Готовить Татьяна, естественно, никогда не успевала и бывали периоды, когда месяцами она жила только на кофе с бутербродами: ей безконечно жаль было времени, которое каждый раз уходит на приготовление хоть самой немудрящей еды и после сомнительного удовольствия – мытьё горы грязной посуды! И посему – великая хвала тому ленивцу, который придумал консервы! И такая же тому, кто – пельмени! Потому что все холостяки, к которым с полным правом Татьяна относила и себя, просто вымерли бы или от постоянного поглощения еды всухомятку или, приобретя язву желудка – от голода, как мамонты!

Оставаясь на ночёвку у Лысого, Татьяна, кроме экономии времени на дорогу, обретала здесь и благословенный покой: никто из коллег и ни одна из подруг, не входящих в альпинистский круг, узнать номер домашнего телефона Лысого – не удостоились. Так что позвонить в квартиру Сергея, разыскивая Татьяну, могли только он сам (что, кстати, он и делал практически ежедневно, не найдя Татьяны дома) да Елена. А поскольку с Еленой у Татьяны были отношения (по неизвестной обеим причине!) – никакие, не вражеские, но и не подружкинские, даже не отношения коллег, то позвонить сюда она могла только в самом крайнем случае. Какового случая, тихо надеялась Татьяна, не выпадет в ближайшие сто лет!

Потому что, пробыв полный рабочий (причём – ненормированный!) день в редакционном гаме, и самый жизнерадостный оптимист вынужден будет искать тихий угол. Чтобы, к примеру, восстановить нормальную деятельность барабанных перепонок и других разных органов, которыми должен, но от усталости и многократного перебора дозы кофе и сигарет перестал управлять головной мозг.

Лысый как раз в этот вечер позвонил и сообщил, что состояние командировочных дел, увы, пока не позволяет даже приблизительно прогнозировать относительно реальной даты, когда можно будет уйти в горы. Но Татьяна вымоталась уже настолько, что ей было практически всё равно: невозможно испортить настроение, которого нет… Если человеку хочется только одного-единственного: никого не видеть, ничего не слышать, ничего не говорить, ничего не делать – только полного, абсолютного уединения и покоя – никакие хорошие или плохие новости положения не изменят: степень усталости достигла предела!
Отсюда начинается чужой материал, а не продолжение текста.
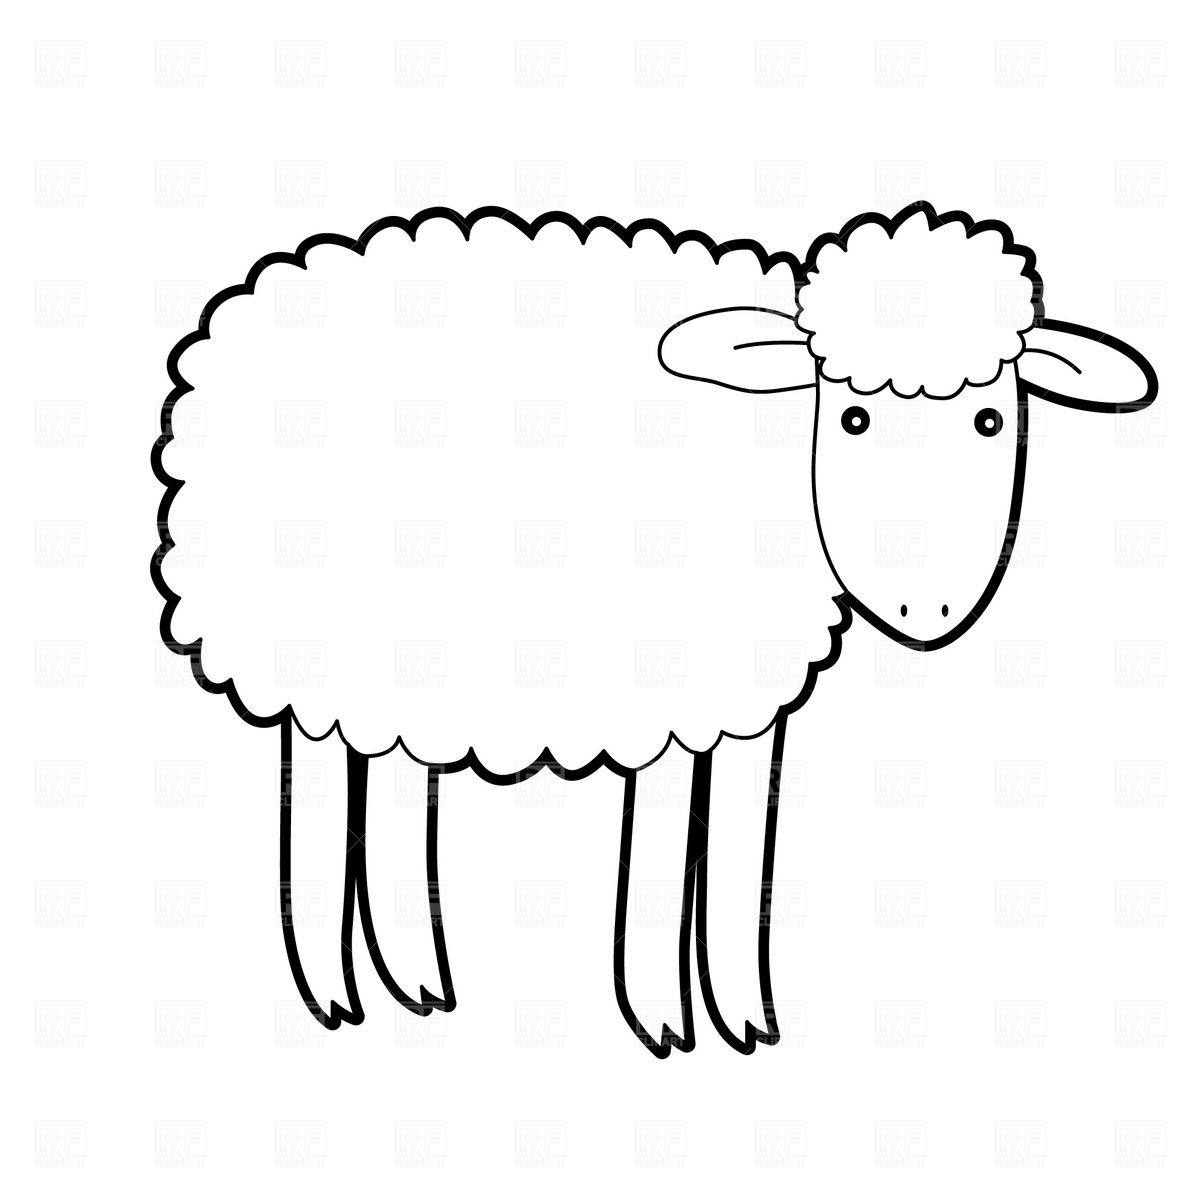 Cartoon Sheep Download Royalty Free Vector Clipart  Eps

Казалось бы – до чего же странно: некоторый человек ведёт здоровый (иногда) образ жизни, не жалуется на здоровье настолько, что даже не помнит точного адреса собственной поликлиники, систематически ходит в довольно трудные походы, причём маршруты этих походов пролегают исключительно в горной местности, часто ведут, в прямом смысле слова, по вертикали, при этом носит рюкзак весом практически в половину собственного, весь период в горах спокойно может обходиться сколько угодно времени минимумом того, в чём нуждается самый неприхотливый аскет, да ещё и неизменно излучает такую энергию счастья, удовольствия, прочих разных положительных эмоций – и падает от смертельной усталости, попахав всего месячишко на непыльной, интеллигентной работе! Загадка!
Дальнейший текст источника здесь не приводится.